§ **ABOUT THIS TASK**
Copy out exactly, from the entries that follow, the line holding "Industrie Abwasseraufbereitung - Lipp System", the line holding "Face close up chopping board", and all lines between them, but no pictures.

§ **SUPPLIED RECORDS**
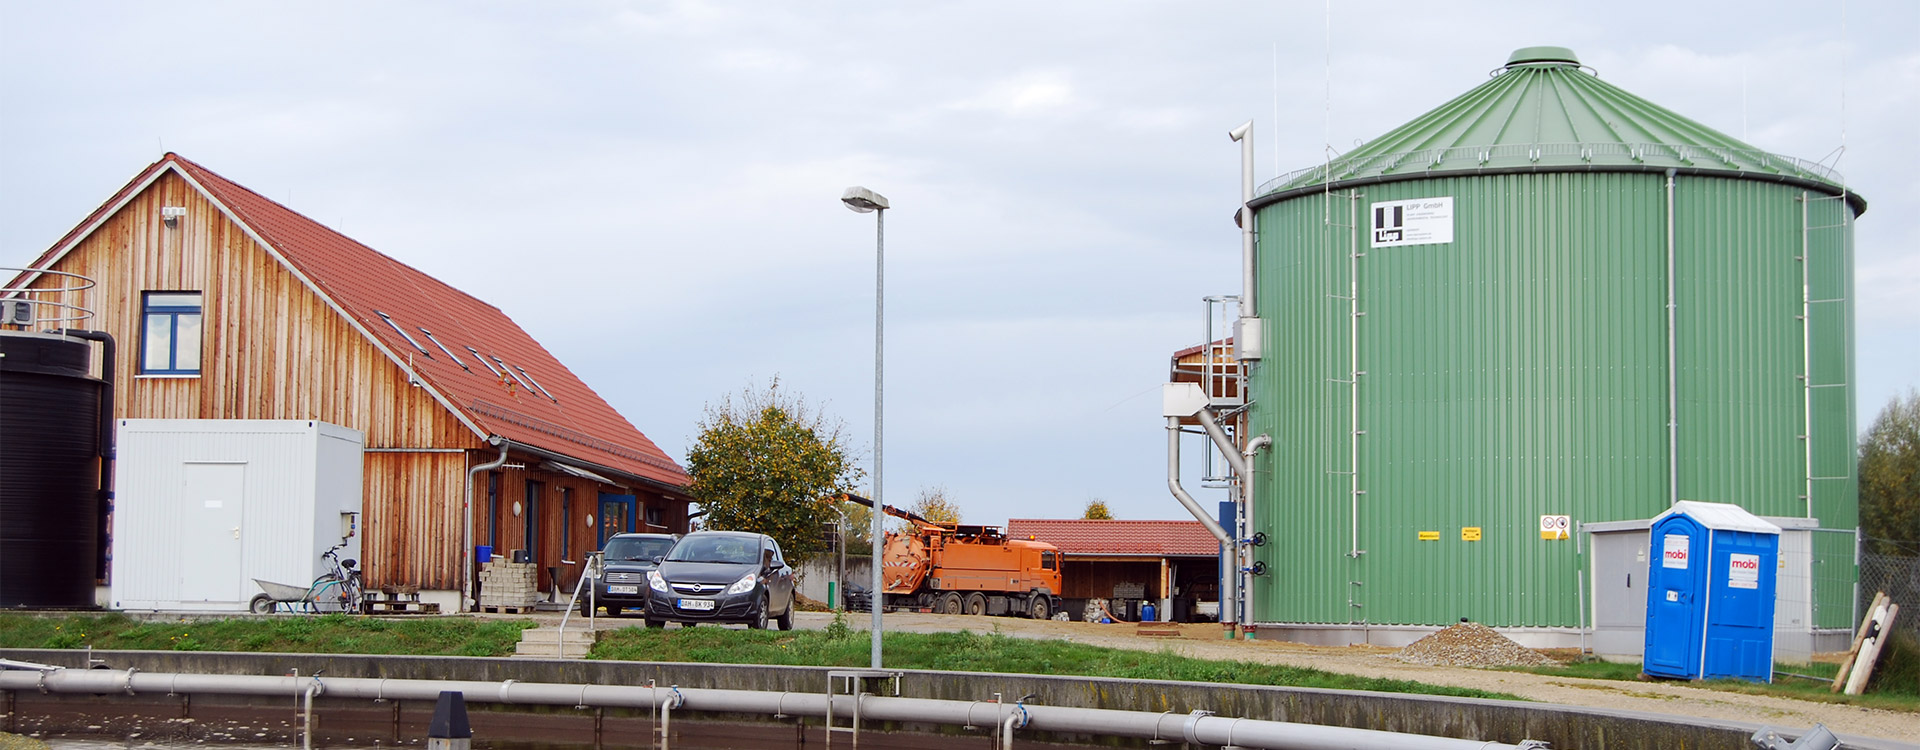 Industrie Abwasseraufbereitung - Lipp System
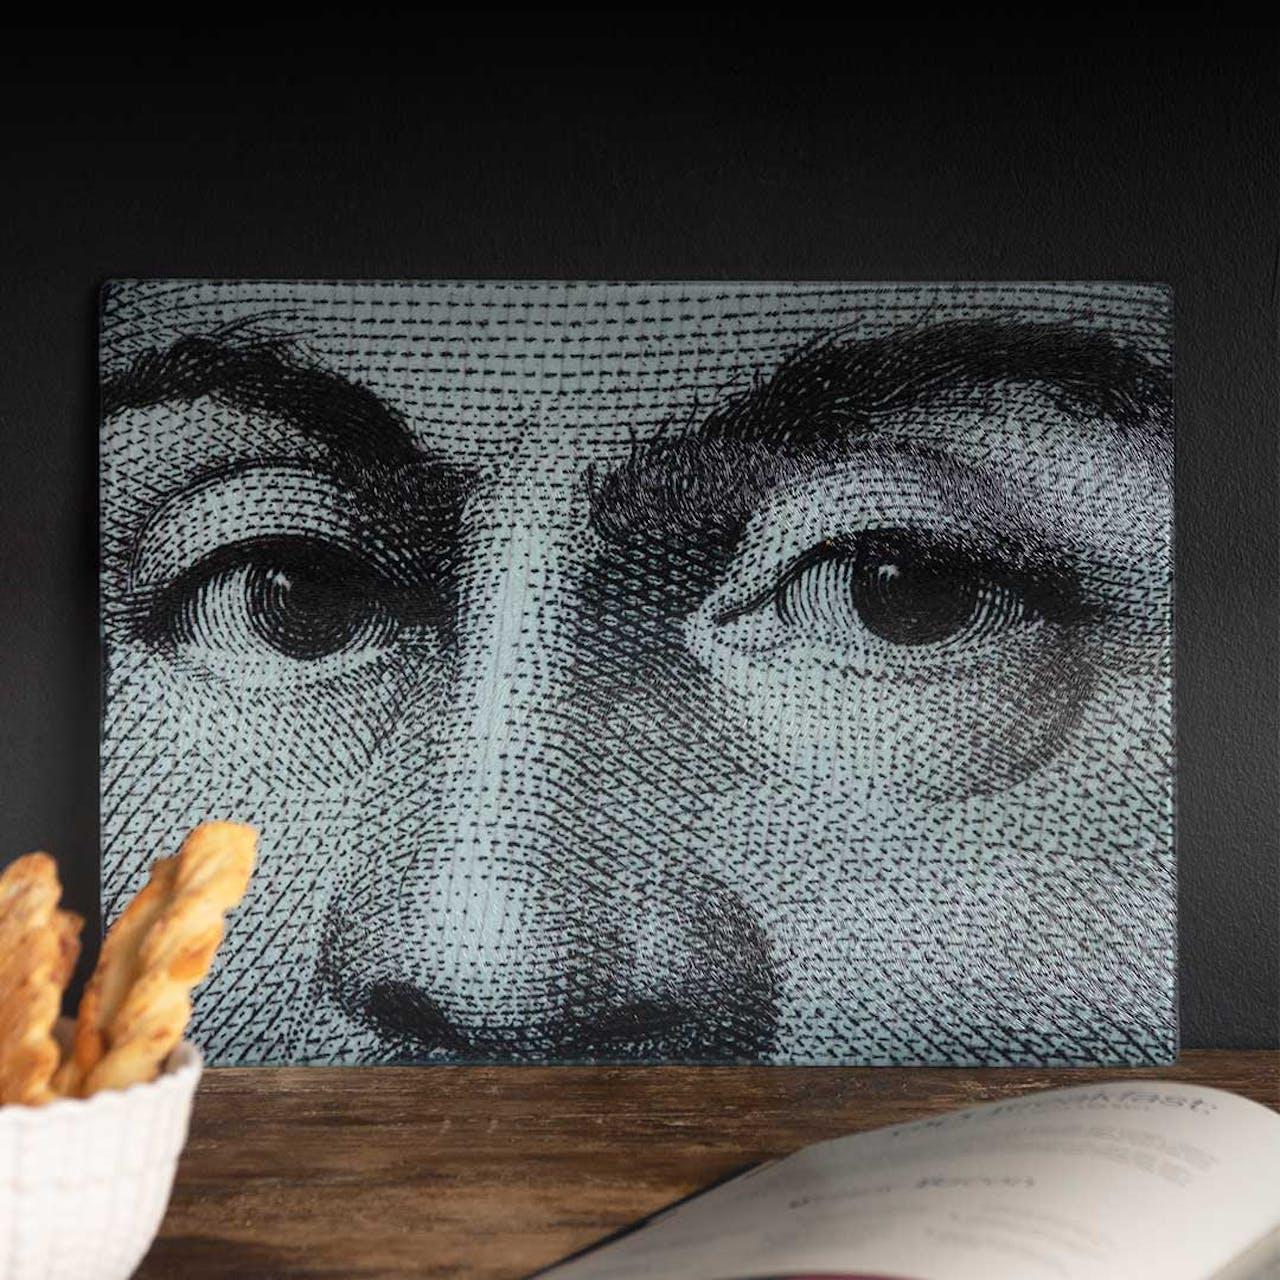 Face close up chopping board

---

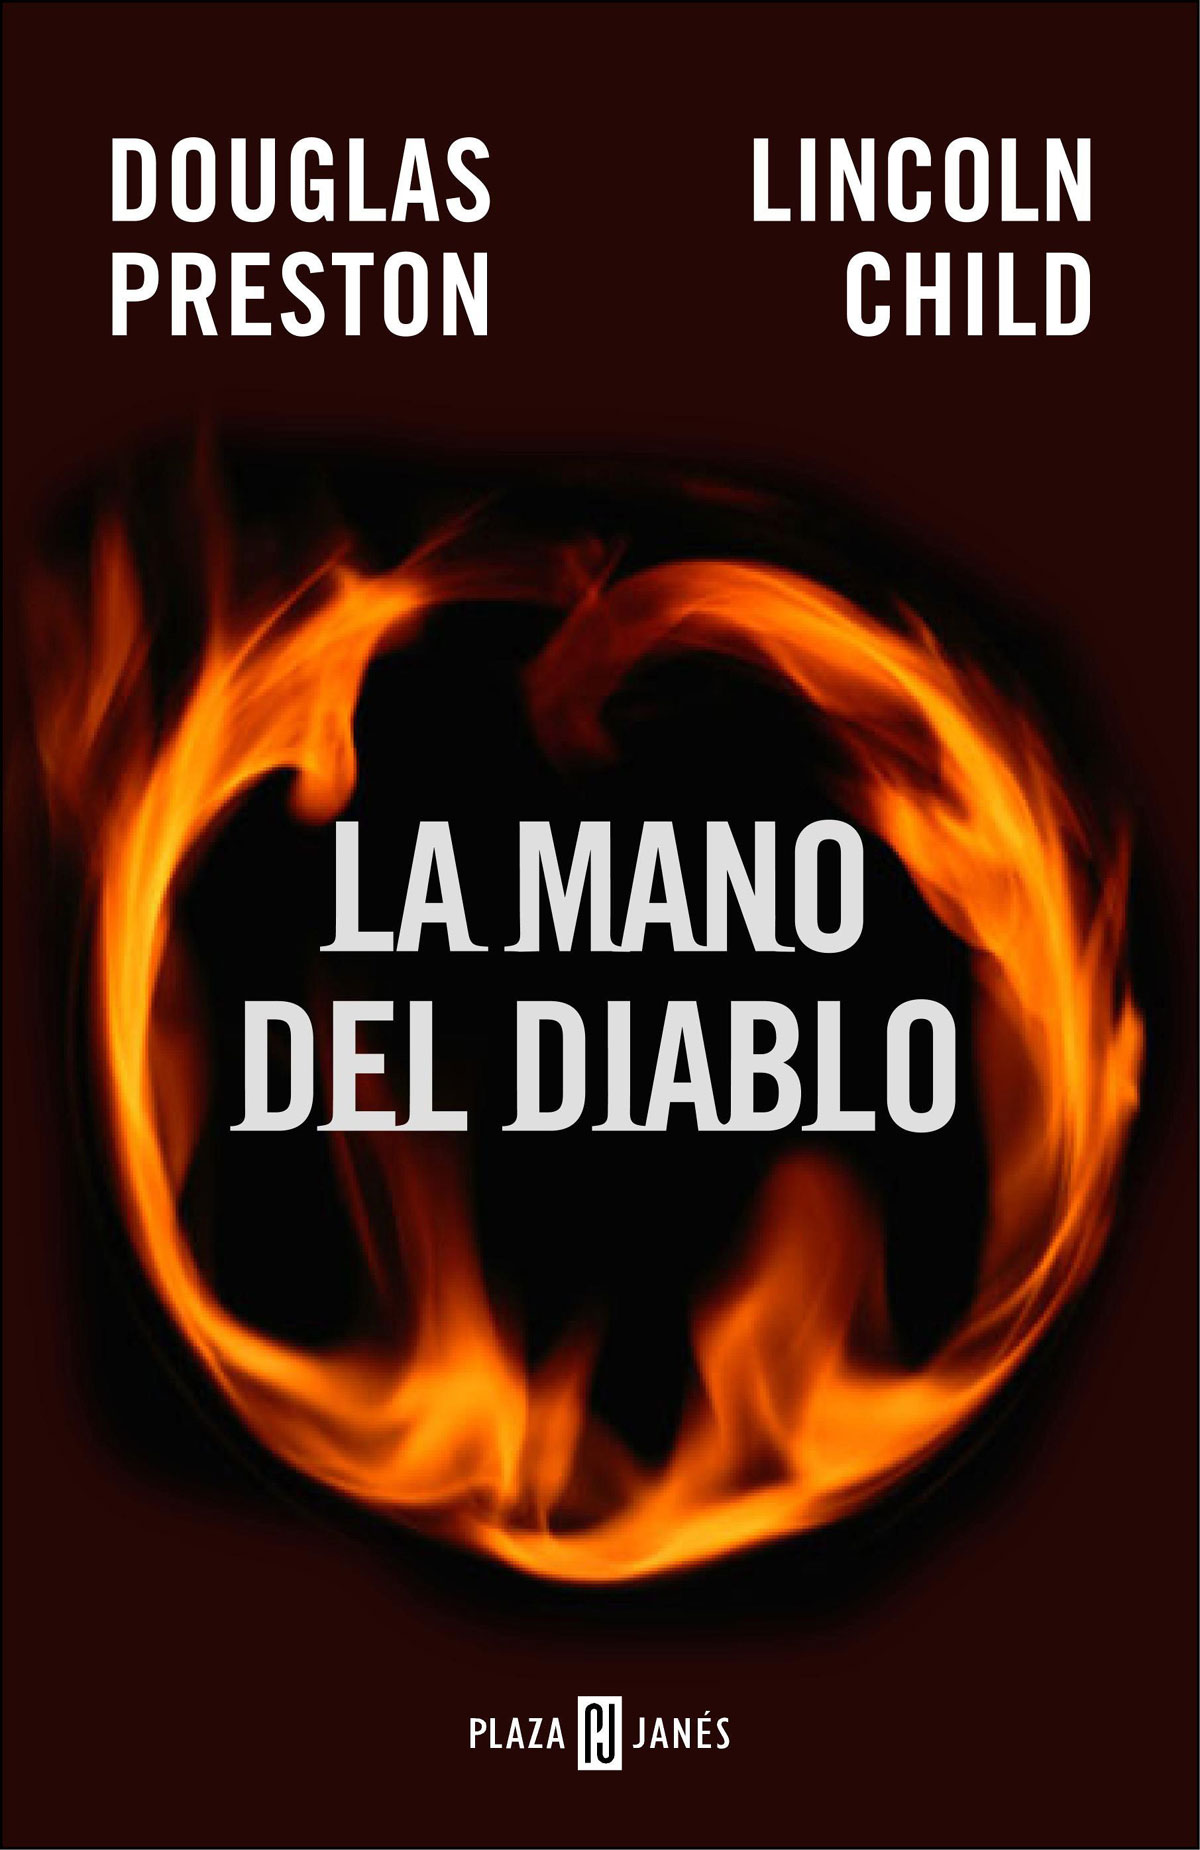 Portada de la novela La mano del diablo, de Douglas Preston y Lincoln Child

...

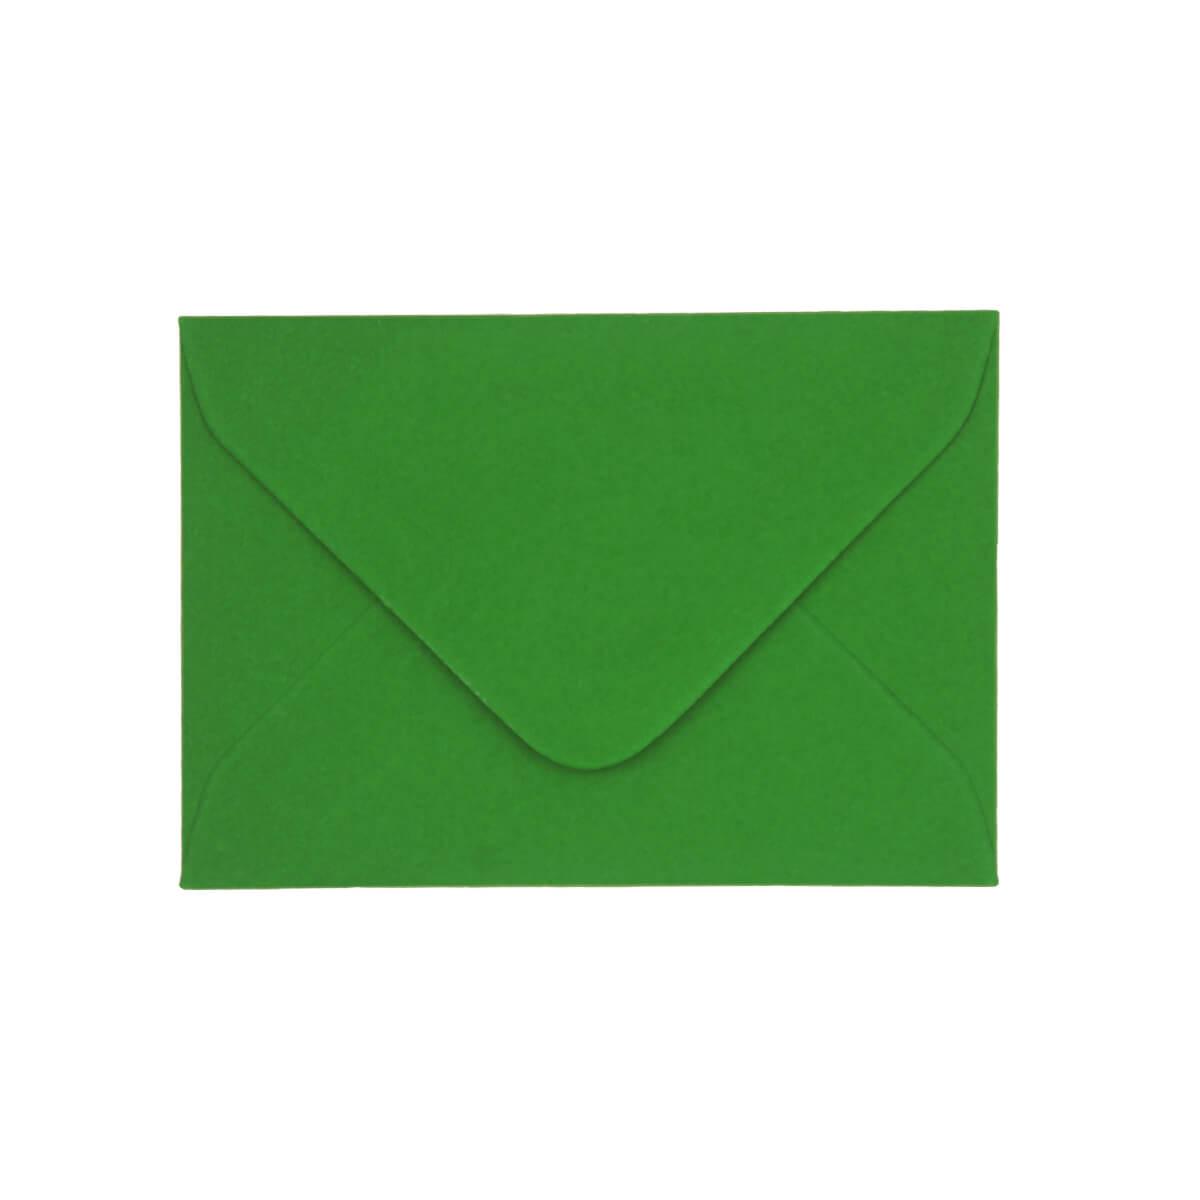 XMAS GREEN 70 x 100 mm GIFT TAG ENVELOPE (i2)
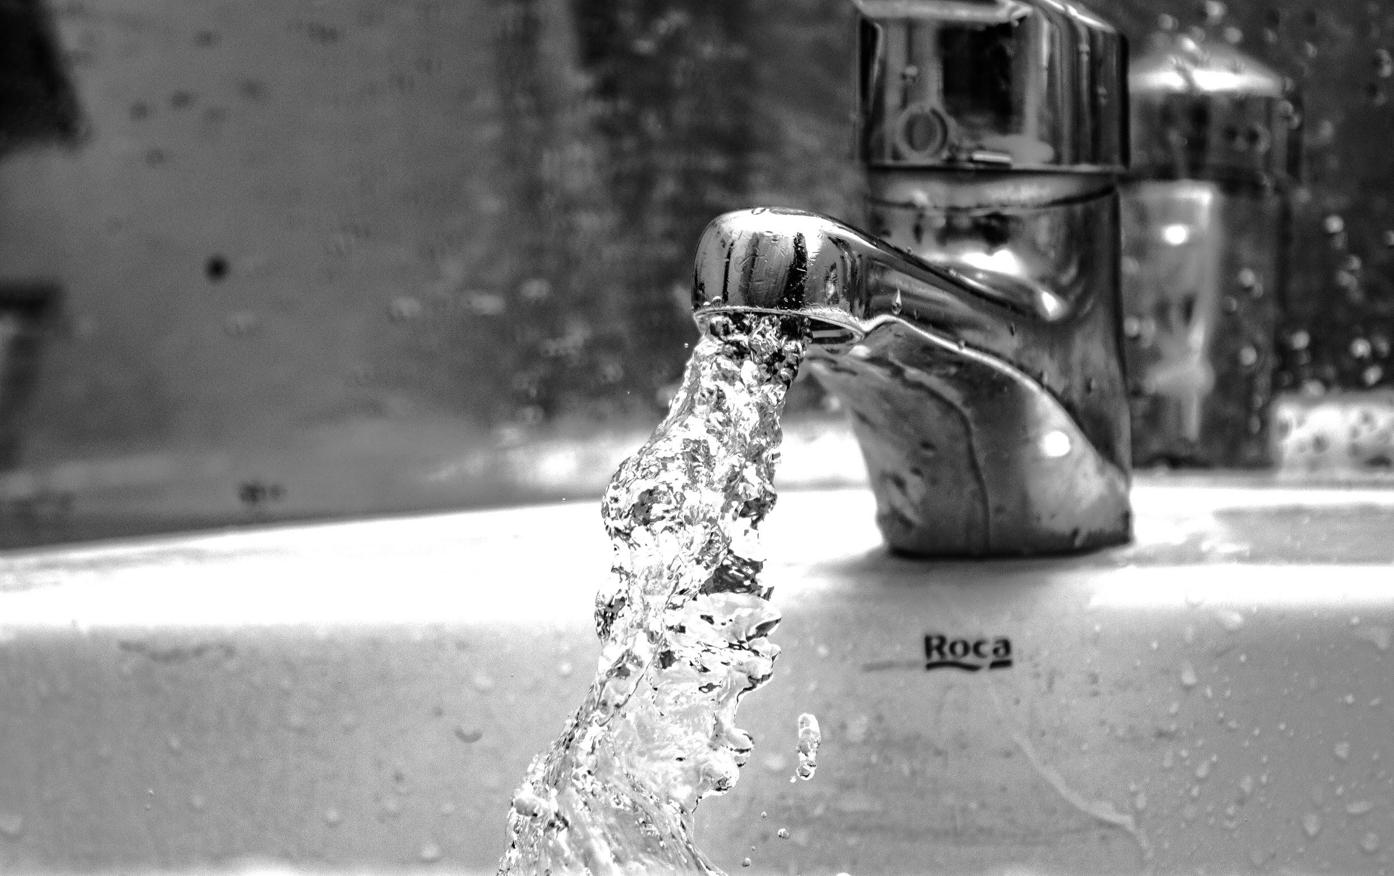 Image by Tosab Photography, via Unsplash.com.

§ **RESPONSE AREA**
 Industrie Abwasseraufbereitung - Lipp System
 Face close up chopping board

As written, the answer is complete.